The organisation targets services at students prior to, during, and after studies abroad. A range of membership benefits are central in attracting students as members. ANSA's Information Centre for higher education abroad is funded by the Norwegian Ministry of Education and Research to provide unbiased advice on higher education abroad. The Membership Department deals with enquiries from potential and current members, while ANSA's Student Adviser provides advice to students encountering problems during their studies abroad, such as with regard to their university, their insurance, or Lånekassen.
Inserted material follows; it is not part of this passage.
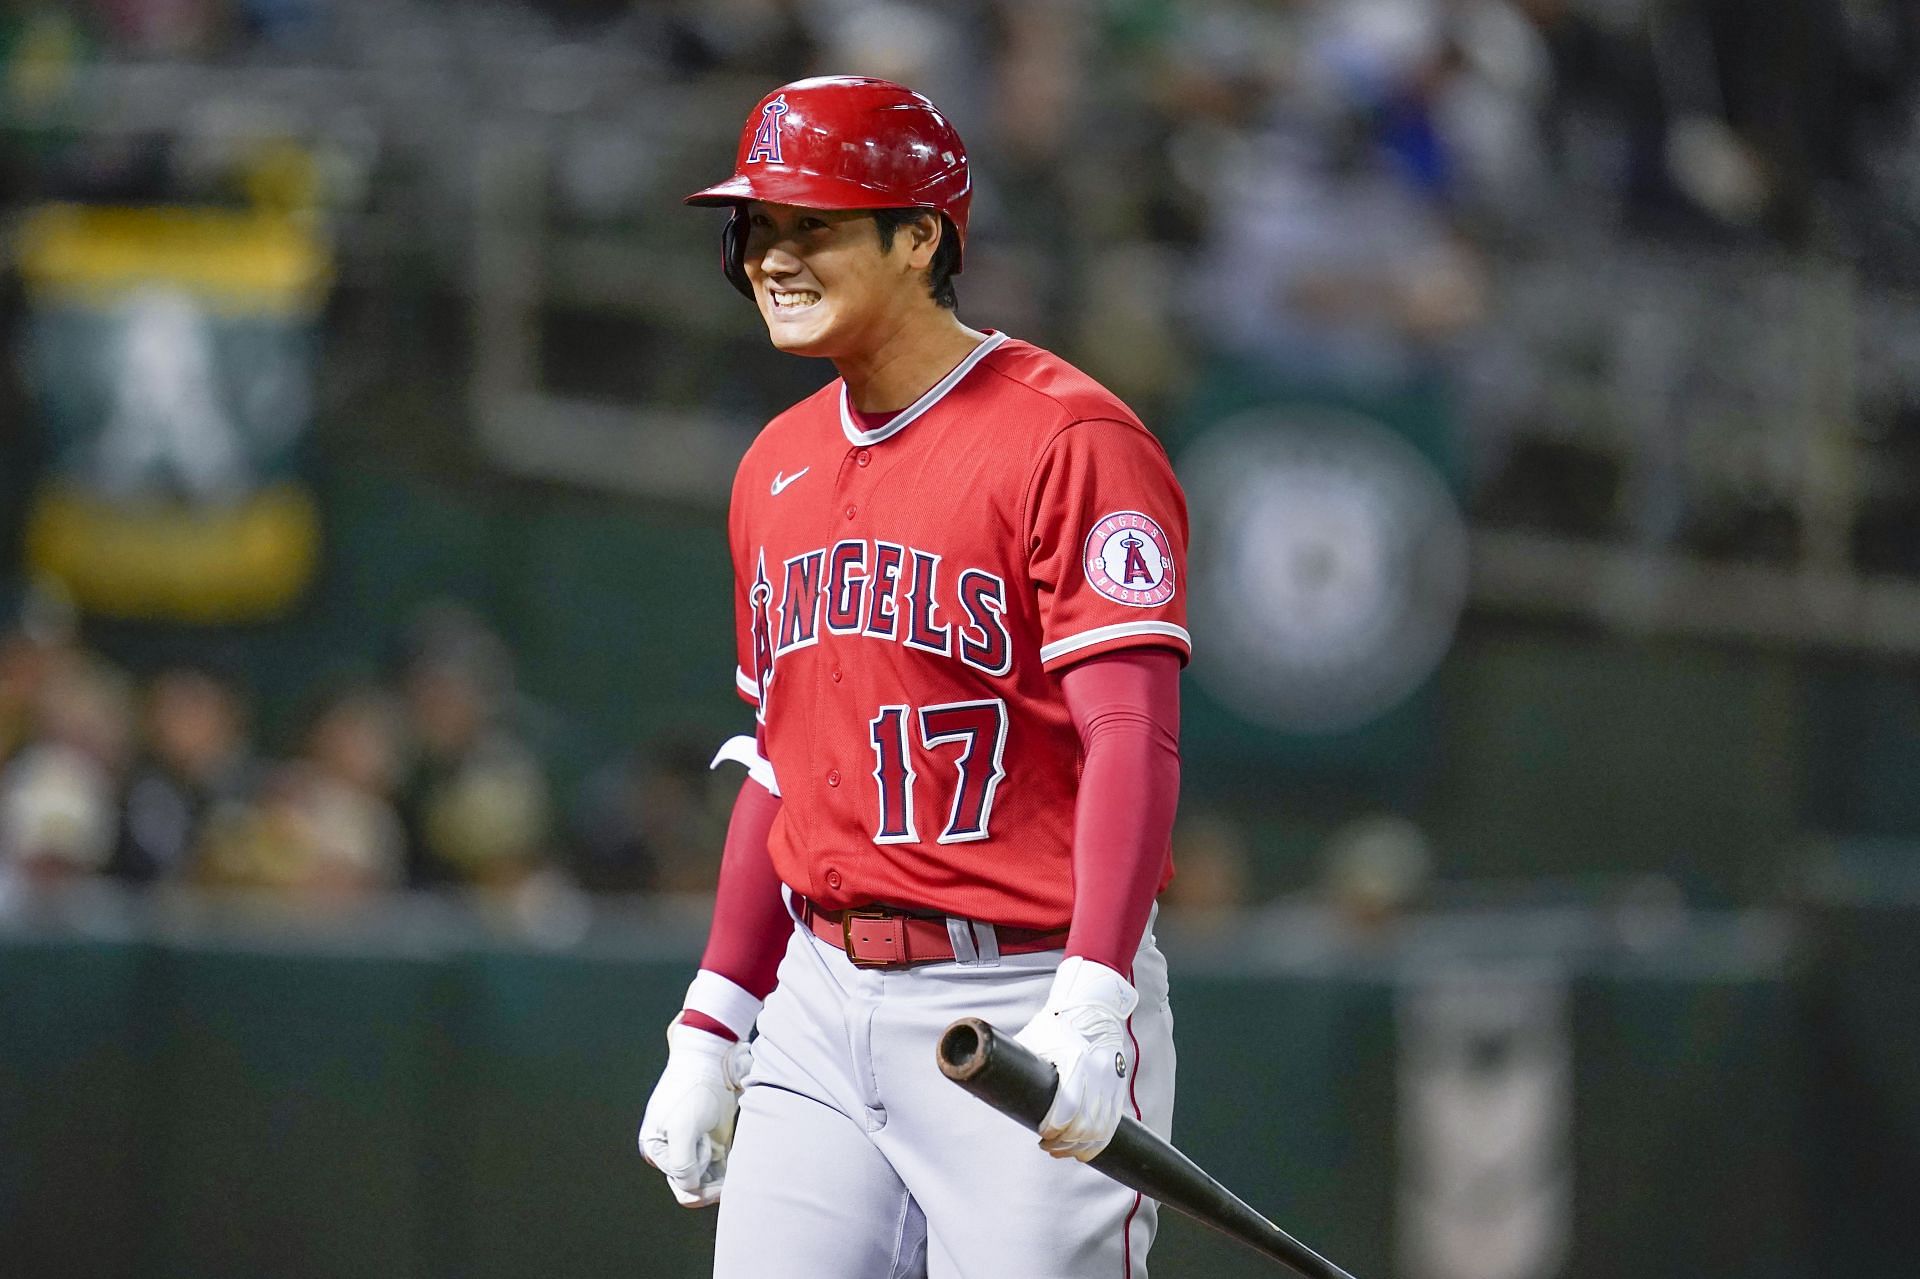 Baseball: Shohei Ohtani joins Japan as excitement builds ahead of WBC

==Headquarters and Governance Structures==
ANSA is staffed by 12 full-time employees. The Secretary-General heads the office in Oslo.

The President of ANSA is elected at the annual general assembly. The President's main responsibility is lobbying for ANSA’s political priorities towards the Norwegian authorities. The President is also chair of ANSA’s Board and main spokesperson of ANSA.

The board of ANSA consists of six students abroad, two students who previously have studied abroad, ANSA’s president and a representative for the employees at ANSA. The Board is responsible for ANSA’s political priorities and the main goals of the organisation.

Among ANSA's members are over 500 volunteers who organise various social and cultural events and represent ANSA at their places of study.